DRUCKEN

Die Geschichte


Es war der 1. August 1889, als das Gesetz betreffend die Krankenversicherung der Arbeiter in Kraft trat und es war der 28. Juni 1889, als die "Statuten für die Betriebskrankenkasse der k.k.priv. Papierfabrik Schlöglmühl" von der "k.k.n.ö. Statthalterei" genehmigt wurden. Damals wie heute galt das ganze Interesse der Funktionäre und Mitarbeiter der Kasse, den Versicherten eine rasche und individuelle Betreuung anzubieten. Selbstverwaltung und dezentrale Verwaltungsorganisation garantierten und garantieren noch heute größtmögliches Naheverhältnis zu den Versicherten.


Ihren eigentlichen Ursprung nahm die Kasse bereits im Jahre 1872 mit der Errichtung eines provisorischen Kranken-Unterstützungsvereines. Dieser Verein hatte den Zweck, erkrankte Angehörige der Fabrik regelmäßig zu unterstützen und eine unentgeltliche ärztliche Behandlung angedeihen zu lassen.
Der Name der Kasse lautete: "Krankencasse für die Betriebe der Firma Theresienthaler Papierfabrik von Ellissen, Roeder und Comp."

Im Jahre 1875 wurde dieser Verein in einen definitiven Kranken-Unterstützungsverein für das Arbeiterpersonal der Theresienthaler Papierfabrik mit Statuten vom 1. Juli 1875 umgewandelt.

Als das Gesetz vom 30. März 1888, Reichsgesetzblatt Nr. 33, betreffend die Krankenversicherung der Arbeiter, in Kraft trat, errichtete die Firma eine Betriebskrankenkasse mit neuen Statuten vom 23. Mai 1889.

Dieselbe hatte ihren Sitz in Hausmening und umfasste die Betriebe: Theresienthaler Papierfabrik, Papierfabrik und Zellulosefabrik in Hilm-Kematen, die Holzschleifereien Hofmühle in Hausmening sowie Marienthal in Biberbach und die elektrische Kraftübertragungsanlage Dorfmühle in Allhartsberg.

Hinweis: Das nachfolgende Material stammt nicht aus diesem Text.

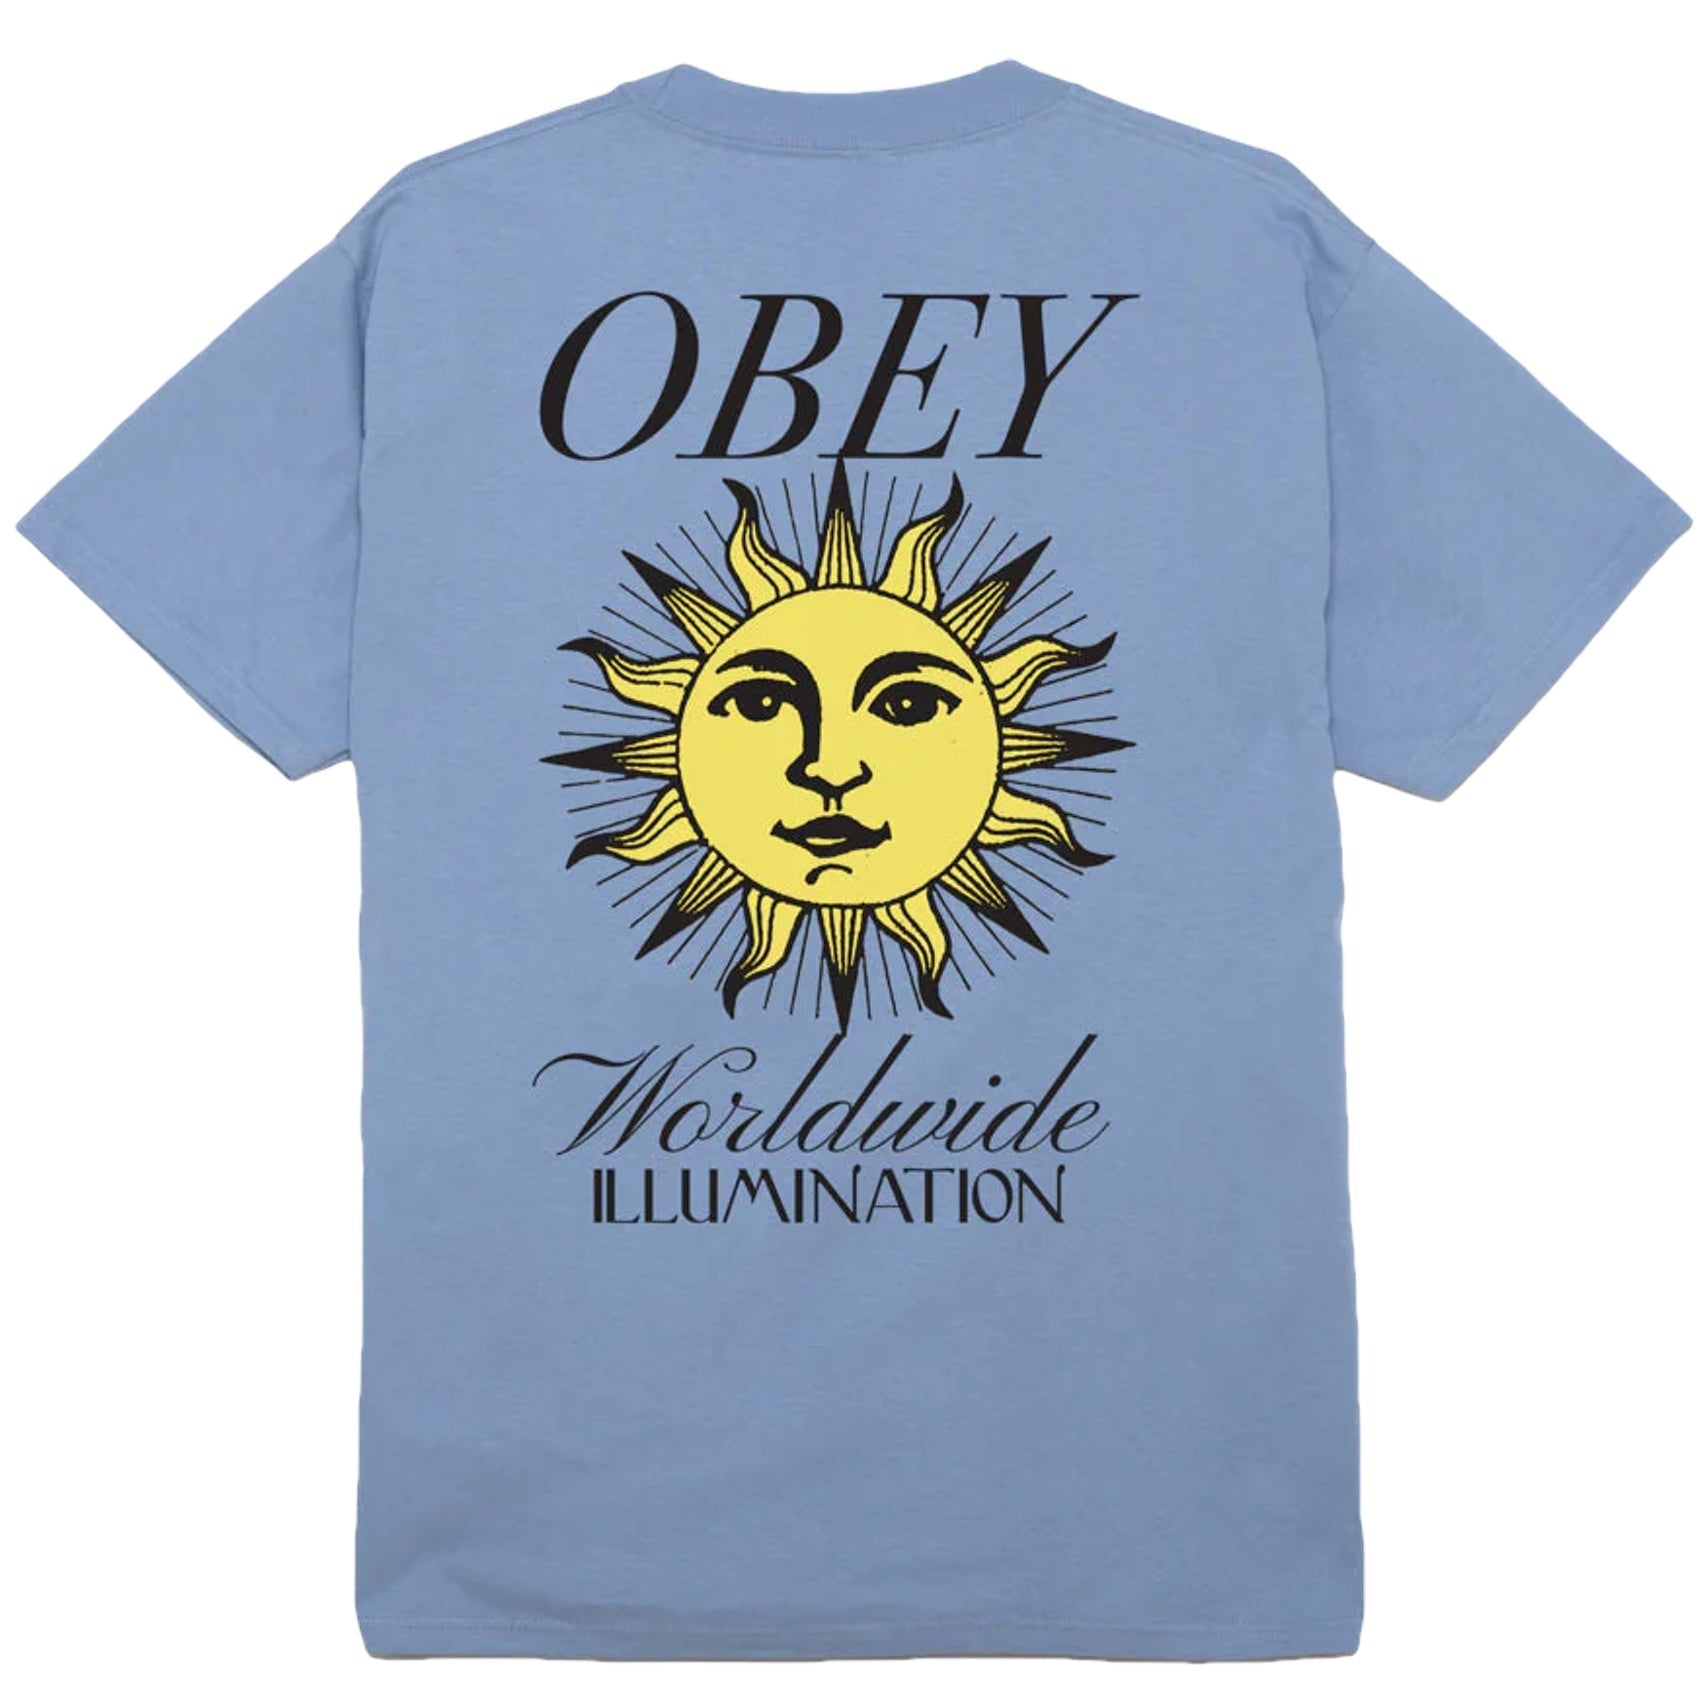 Obey illumination T-Shirt - Digital Violet

Im Jahr der Gründung unterlagen 557 männliche sowie 268 weibliche Arbeitnehmer, also insgesamt 825 Dienstnehmer der Krankenversicherungspflicht. Im ersten vollen Versicherungsjahr 1890 standen Gesamteinnahmen in Höhe von 11.212,88 Gulden ausbezahlte Unterstützungen in Höhe von 9.939,06 Gulden gegenüber. Mit der Rücklage des Jahres 1890 konnten bereits damals die Versicherungsleistungen für 3 Monate bestritten werden.

Im Jahr 2013 stand den Versicherungsleistungen in der Höhe von knapp 5,69 Mio Euro eine Rücklage von 13,95 Mio Euro gegenüber.